Context: Although more than a dozen states have ratified laws that require booster seats for children older than 4 years, most states continue to have child restraint laws that only cover children through age 4 years. Lack of booster seat effectiveness data may be a barrier to passage of stronger child restraint laws.
Objectives: To quantify the association of belt-positioning booster seats compared with seat belts alone and risk of injury among 4- to 7-year-old children and to assess patterns of injury among children in booster seats vs seat belts.
Design, Setting, and Population: Cross-sectional study of children aged 4 to 7 years in crashes of insured vehicles in 15 states, with data collected via insurance claims records and a telephone survey. A probability sample of 3616 crashes involving 4243 children, weighted to represent 56 593 children in 48 257 crashes was collected between December 1, 1998, and May 31, 2002.
Main Outcome Measure: Parent report of clinically significant injuries.
Results: Injuries occurred among 1.81% of all 4- to 7-year-olds, including 1.95% of those in seat belts and 0.77% of those in belt-positioning booster seats.

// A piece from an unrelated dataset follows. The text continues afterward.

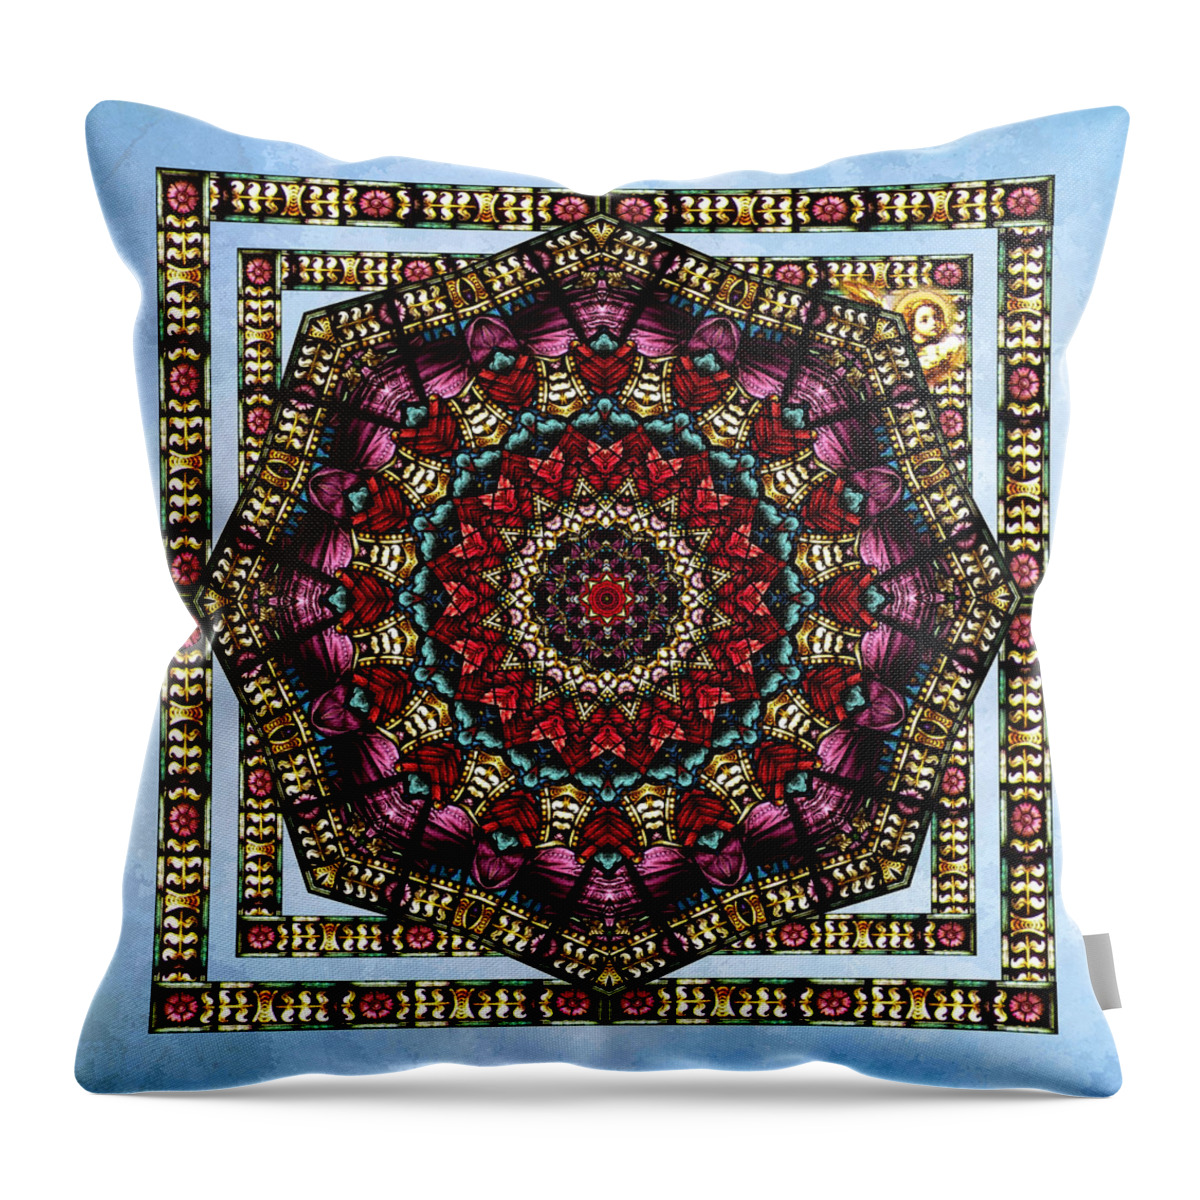 stained Glass Throw Pillow featuring the digital art Cherub Window Kaleidoscope by Deborah Smith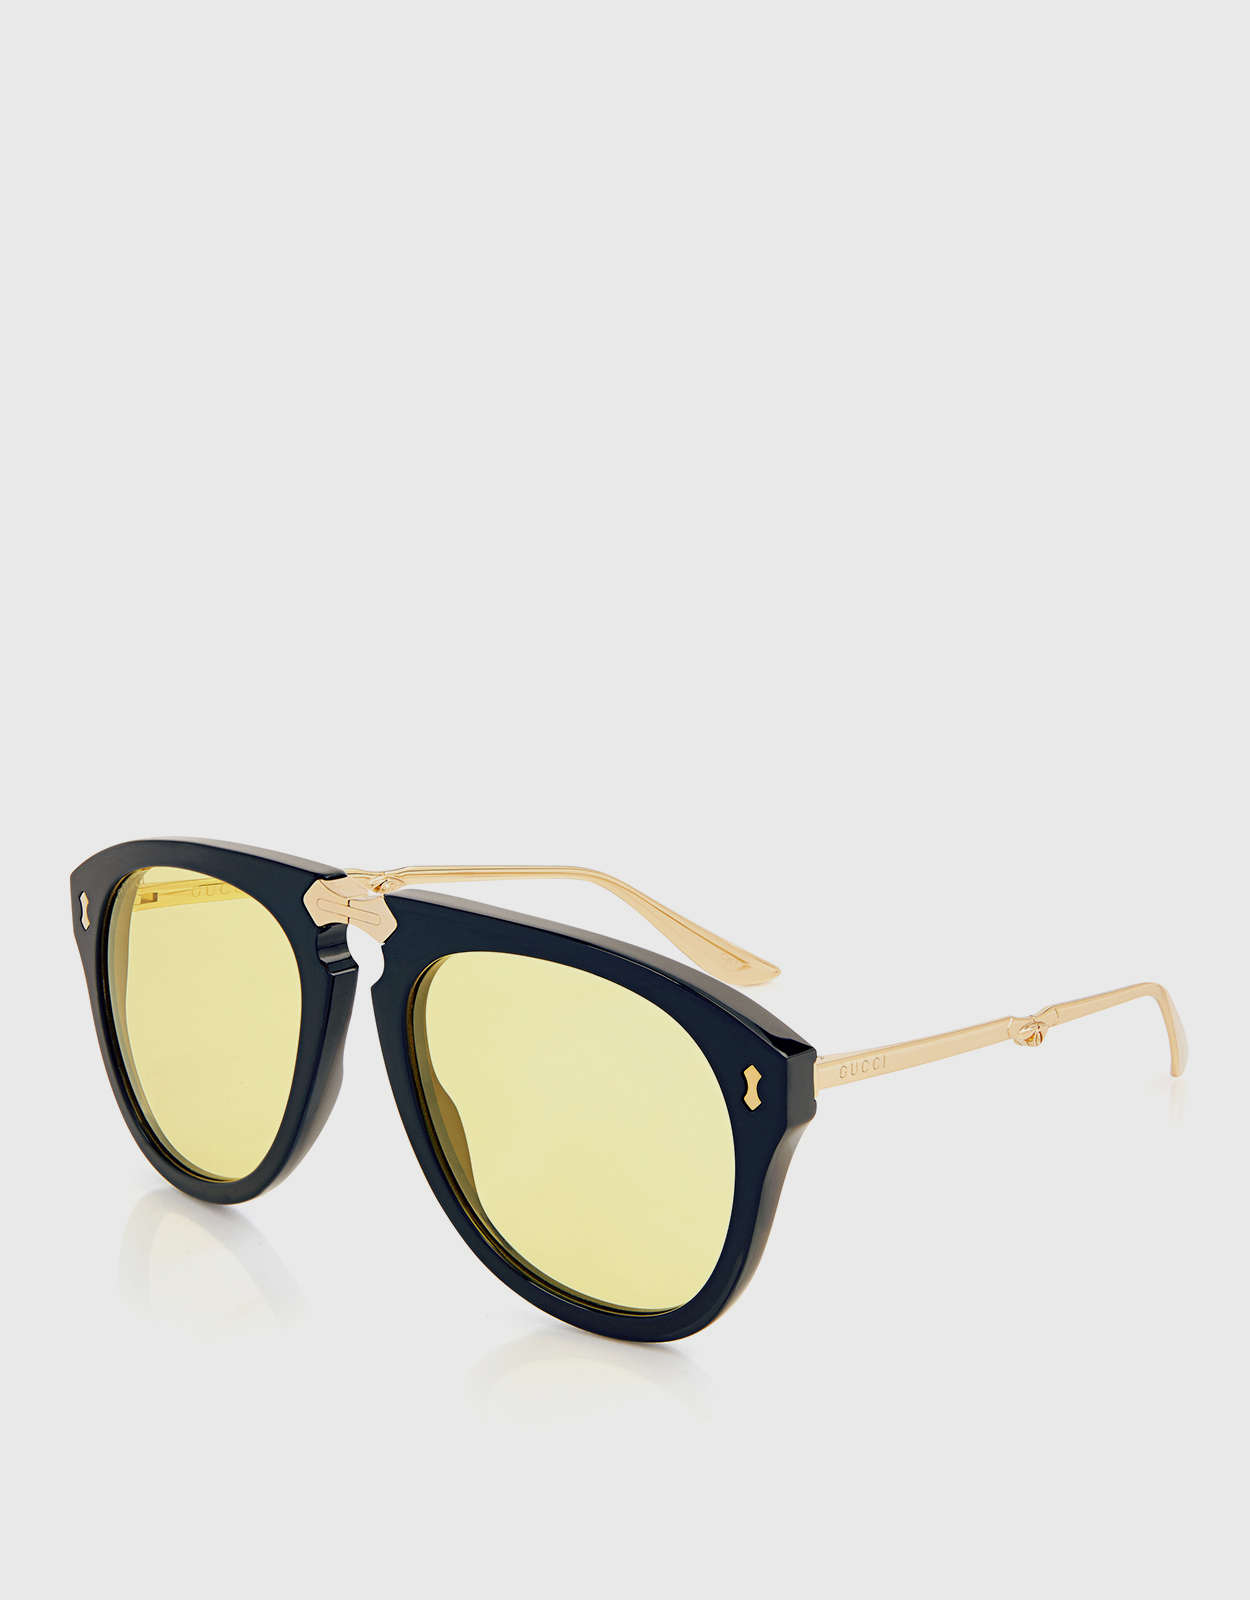 Gucci Aviator Foldable Sunglasses (Sunglasses,Aviator)

The odds of injury, adjusting for child, driver, crash, and vehicle characteristics, were 59% lower for children aged 4 to 7 years in belt-positioning boosters than in seat belts (odds ratio, 0.41; 95% confidence interval, 0.20-0.86). Children in belt-positioning booster seats had no injuries to the abdomen, neck/spine/back, or lower extremities, while children in seat belts alone had injuries to all body regions.
Conclusion: Belt-positioning booster seats were associated with added safety benefits compared with seat belts to children through age 7 years, including reduction of injuries classically associated with improper seat belt fit in children.